This is a light knife, perhaps because of its short length. The balance point is right at the "ferrule" end of the handle scales. Yet, there was a strange kind of feel in the hands for me when I first handled the knife. It felt nimble, but not "lively". I'm not sure I have the right vocabulary to describe the feeling. I could move this knife any which way I wanted to and easily - partly because of its short length, partly because its resultant lighter weight. For some reason, though, the knife didn't jump alive in my hand as some other knives do, even if they are a bit bigger or heavier.

I suppose it has something to do with the balance point, but I am left scratching my head on this. Would having the balance point just a little bit further forward make the difference in liveliness? It could also be a matter of what I'm used to using, since the vast majority of my knives are wa-handled or if they are western handled have more metal in the blade and therefore probably all have balance points just a little further forward. That being the case, maybe this is a matter of personal preference, but it might not be.
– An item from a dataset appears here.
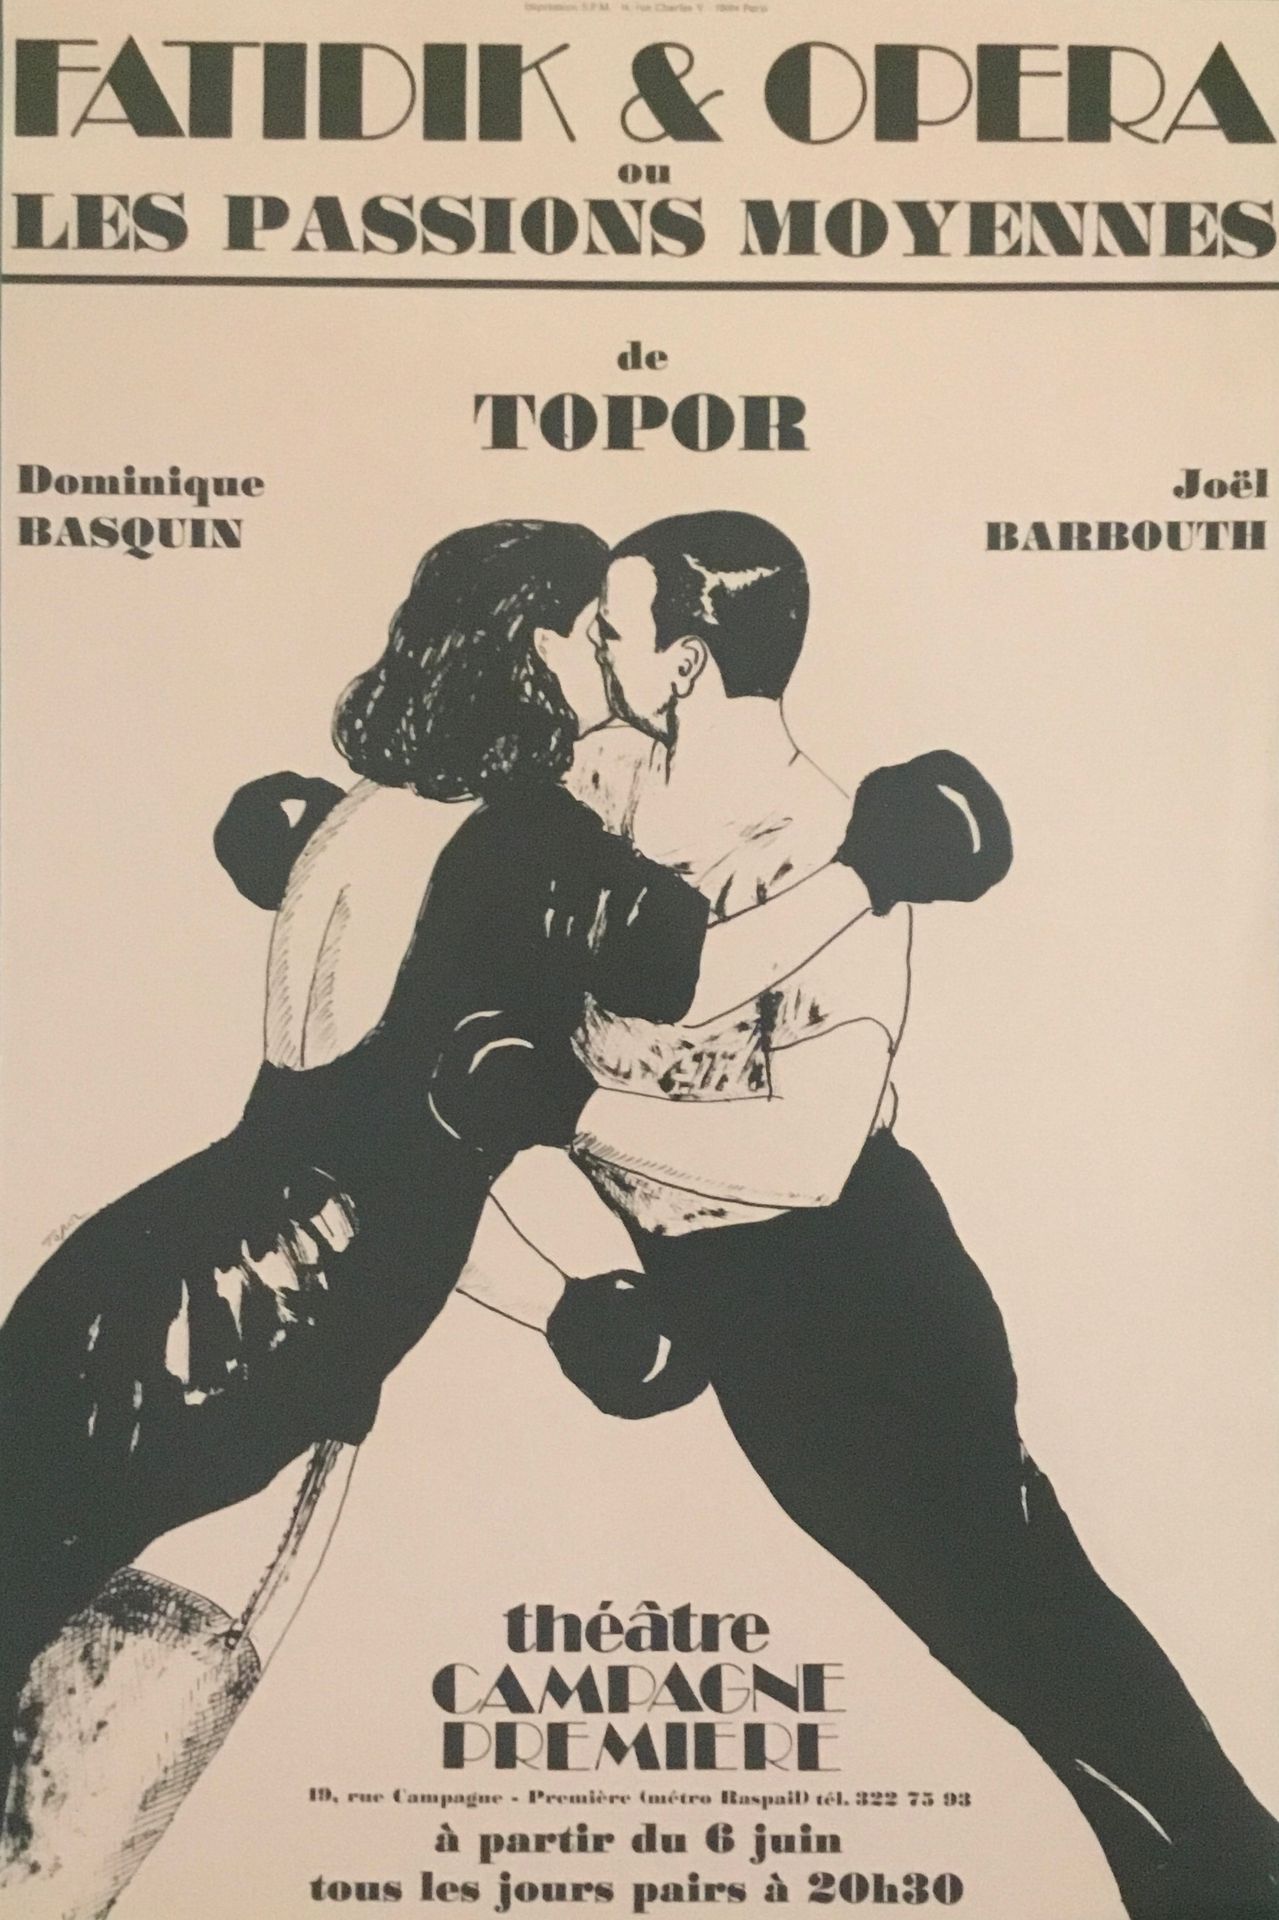 Null TOPOR Roland 

Plakat Offsset "Fatidique et Opéra" Théâtre campagne premièr&hellip;

Only time will tell as others review the knife and comment on its feel in the hand.

I'll say more about this in my wrap-up, but after using this knife for 10 days deliberately prepping more meals and a greater variety of meals than I would in a regular week-and-a-bit, I think this knife handles and feels like a large petty knife.

*Edge Retention and Maintenance*

Edge retention surprised me on this knife, and not in a good way. The knife came to me sharpened by Lefty, and I worked with that edge the whole week. When I took the knife out of the box and felt the edge with my fingers, it felt nice all the way from tip to heel. Cutting on a variety of poly and end-grain boards posed no issues for most of the week. However, towards the end of the week I noticed that the heel end of the edge had become noticeably dull. The front half of the knife still had a nice sharp edge, but that made sense since it was the back half of the knife that was always making board contact.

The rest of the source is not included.